The UK government is finally taking steps to recover money spent by the NHS (National Health Service) on “health tourists,” according to UK Health Secretary Jeremy Hunt.
An independent study on migrant access to NHS healthcare in England, conducted for the Department of Health, says the NHS could save £500 million a year if it charged foreign nationals a £200 levy to use its services. This is in response to the growing trend of health tourism, i.e. people who specifically travel to the UK to receive free care for pre-existing conditions.
The NHS has some of the most generous rules in the world; at present, only hospitals are required to charge for services, although their emergency care is free. According to the study, health tourists, including pregnant women who come to the UK just prior to giving birth, cost the NHS at least £70m annually. It’s estimated that a further £388 million could be recovered by charging those patients who should be liable to pay, but otherwise slip through the cracks.

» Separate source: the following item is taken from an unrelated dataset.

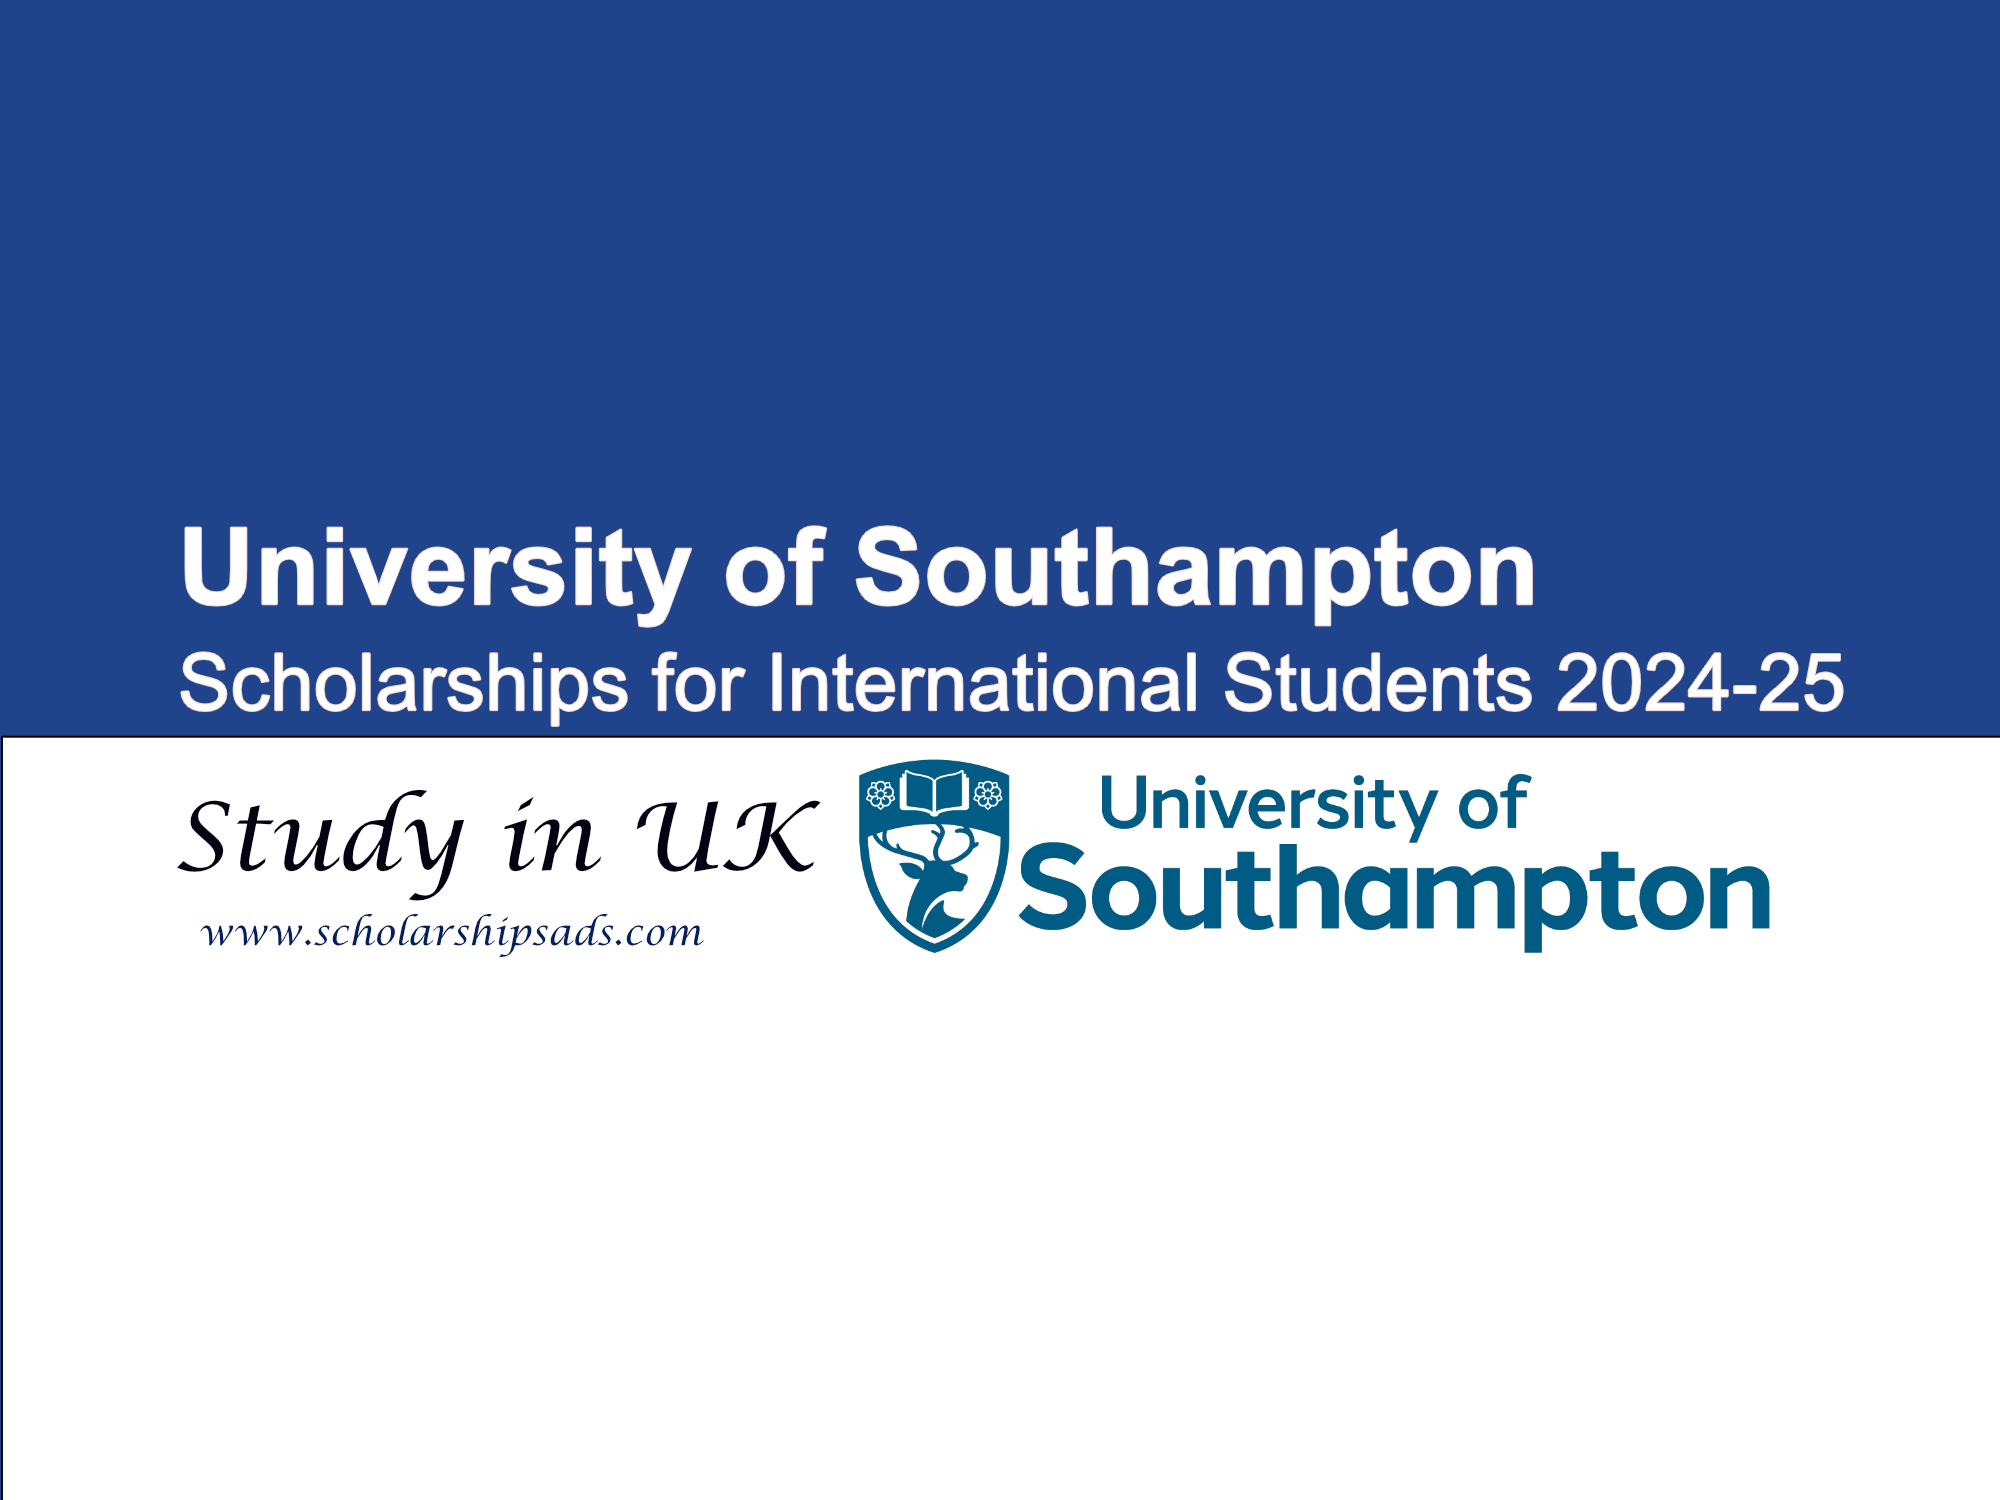  University of Southampton Scholarships.

£200 surcharge for migrants
The figures from the study were released just ahead of the government’s second reading of the Immigration Bill, which aims to introduce stricter measures to stop abuse of public services.
A key measure in the bill will see temporary migrants pay for access to the NHS through an annual NHS surcharge of £150 for foreign students and £200 for temporary migrants. According to the NHS, this will generate £200m a year. A new cost recovery unit would also work to recoup money owed by other governments for treating foreign nationals.
“NHS not an international service”
Health Minister Jeremy Hunt told Sky News that the NHS is not an ‘international’ service. “I have absolutely no problem at all with foreigners and international visitors using the NHS, but if they are not contributing to it through their taxes they should make a fair contribution in another way,” said Hunt.
Opposition to surcharge
The announcement has been met with mixed reactions. Leading surgeon Professor J Meirion warns that the £200 surcharge would create the “best travel insurance on the planet.” He further called the move a “disaster” and said that allowing visitors and students to pay £150 or £200 at the border for access to health services would simply attract more health tourists.
Researchers from the London School of Hygiene and Tropical Medicine as well as York University conducted their own research, which seems to contradict that of the Department of Health. According to this study, so called “health tourists” spent an estimated £219m on hotels, restaurants, shopping and transport in the UK. The research also found that there are more people leaving the UK to seek medical treatment abroad than arriving for treatment.